Nel suo intervento Gianni Balestrieri ha preso spunto dagli assassini di
Matteotti e Gentile per cercare di indicare alcune delle ragioni per cui il
confronto politico nel '900 si è manifestato nella forma di una violenza
radicale ed estrema. La sua riflessione si è fermata su tre questioni: la
svalutazione della democrazia operata dai principali filoni politici
novecenteschi, il ruolo degli intellettuali, la concezione messianica della
politica.
A dispetto di quanto
oggi si possa credere, quella che per noi è oggi un valore irrinunciabile, la
democrazia, è stata dalle grandi ideologie del '900 più che apprezzata
disprezzata. La Destra vi vedeva l'estrema degenerazione della società di massa
in cui il numero, la pura quantità, s'imponeva e trionfava sui migliori, mentre
la Sinistra riteneva le regole della democrazia un diabolico trucco inventato
dalla borghesia per continuare a sfruttare le classi più povere. Ma se Destra e
Sinistra si sono spese per abbattere la democrazia, cioè quel sistema di regole
che consente lo svolgimento pacifico del confronto politico, non ci si può poi
meravigliare di come la violenza sia diventata uno strumento normale della vita
politica.
Dagli intellettuali noi
ci aspettiamo che essi siano una guida, una luce che ci aiuti a distinguere il
bene dal male. Ma se ripercorriamo le vicende del secolo scorso ci accorgiamo,
ha insistito il prof. G. Balestrieri, che gli intellettuali la luce non l'hanno
accesa, bensì l'hanno spenta.

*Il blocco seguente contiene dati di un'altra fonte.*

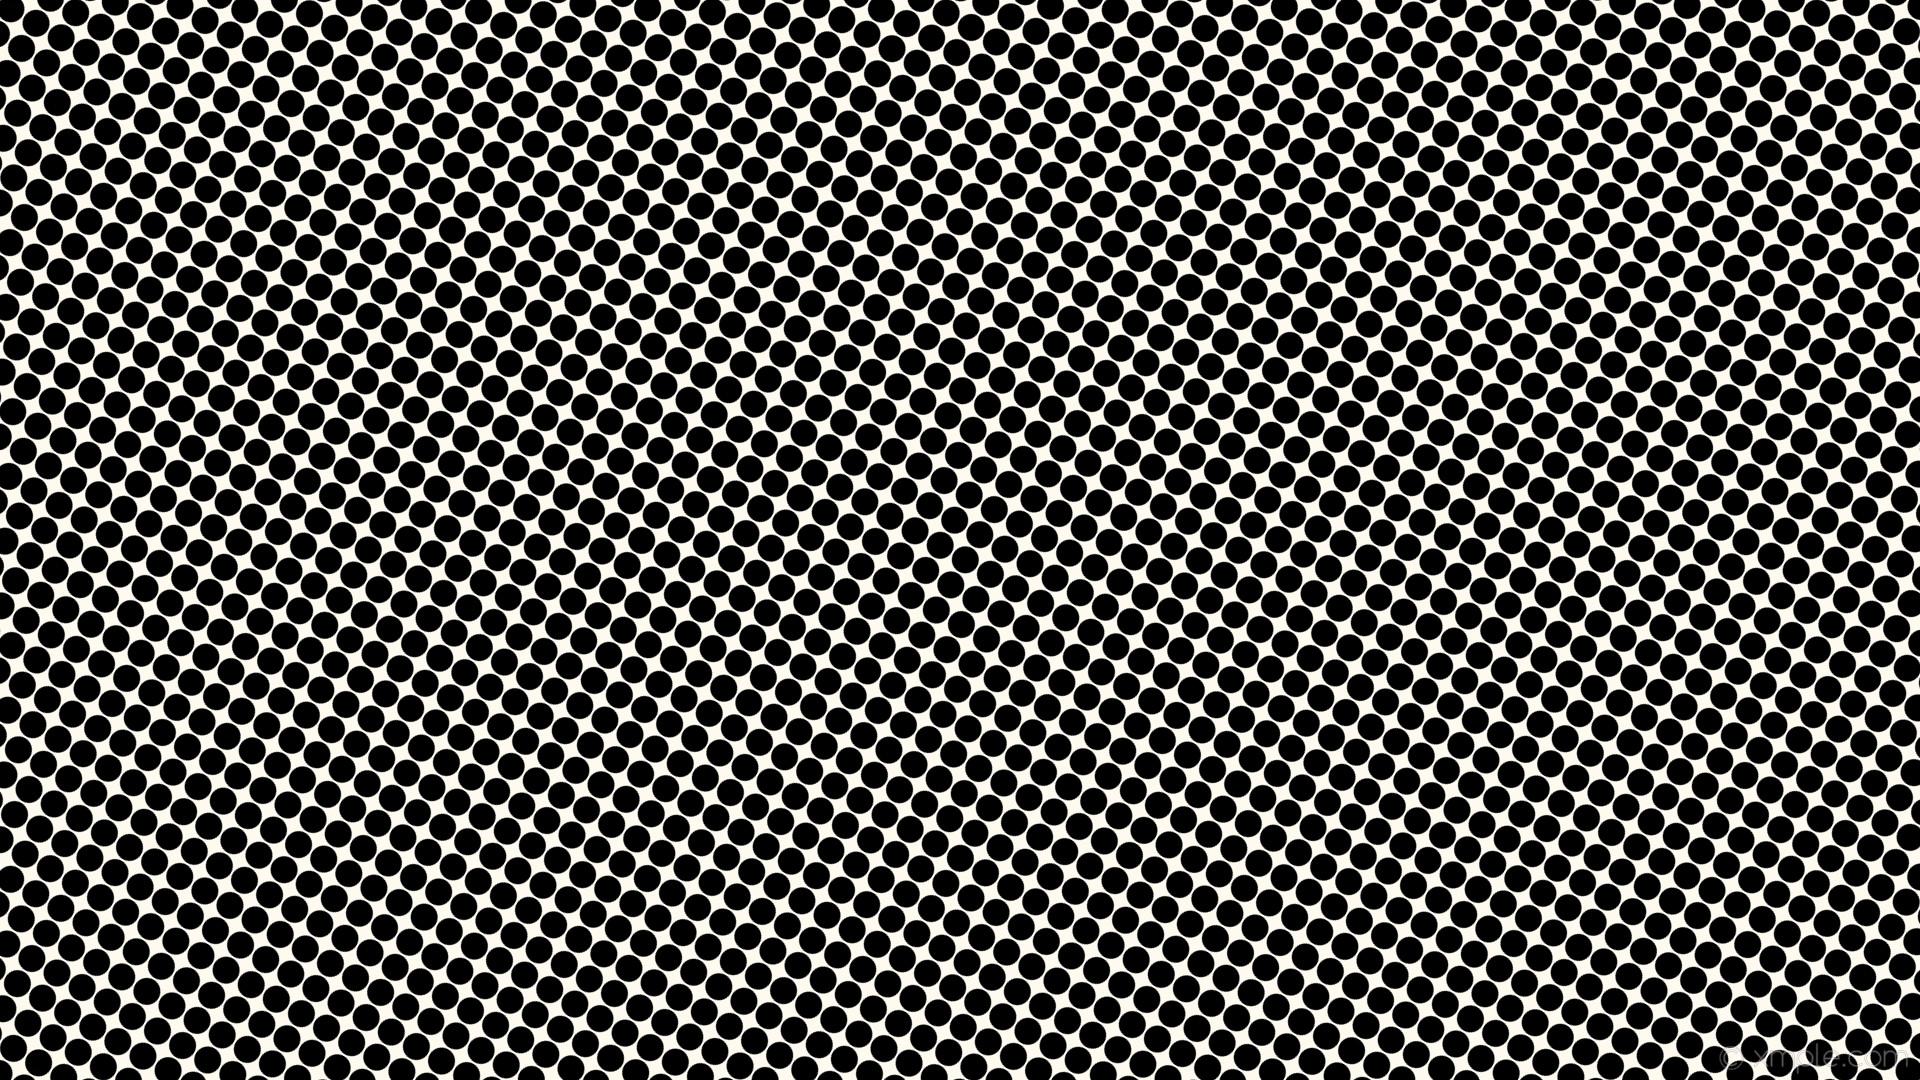 wallpaper polka dots spots black white floral white #fffaf0 #000000 240°  27px 29px

Sia a Destra sia, e forse soprattutto, a Sinistra
tanti intellettuali hanno avallato alcuni dei regimi politici più mostruosi
apparsi nella storia dell'umanità. E quando di fronte alle dure repliche della
storia non era più proprio possibile continuare a sostenere che, ad esempio,
nella Russia staliniana stesse sorgendo il sole dell'avvenire, anziché fare
autocritica si sono lanciati nell'esaltazione della rivoluzione culturale
maoista e perfino di quel folle macellaio di Pol Pot che, in nome del comunismo,
ha massacrato metà della popolazione della Cambogia. A ben guardare, ha
concluso Balestrieri, le sciagure del '900 affondano la loro radice in principal
modo nella concezione messianica della politica che ha dominato il secolo
scorso. Alla politica non è stato richiesto di realizzare il possibile, ma
l'impossibile, la società perfetta, il paradiso in terra. Ma proprio perché la
meta era l'utopia della perfezione, si poteva accettare di pagare il prezzo di
qualche decina di milioni di morti.
Al quesito posto dall’avv. d’Ambra, se sia lecito usare il delitto
politico come strumento per la conquista del potere, rispondo senza esitazione
NO. Ha esordito il prof. Penza. Non è mai lecito uccidere. Alla violenza si
risponde con la violenza in una spirale senza fine. Anche ai nostri giorni
centinaia di persone vengono massacrate da una violenza barbara destinata a
crescere nei prossimi mesi. Bisogna sostituire la violenza con il dialogo, anche
perché dialogare corrisponde alle
loro aspirazioni e ai loro interessi. Nella contrapposizione fascismo-
antifascismo molti giovani persero la vita solo perché credettero in buona fede
nelle idee dell’una e dell’altra parte. Molti intellettuali aderirono al
fascismo: oltre a G.Gentile, anche il mitissimo Pirandello, il valoroso G.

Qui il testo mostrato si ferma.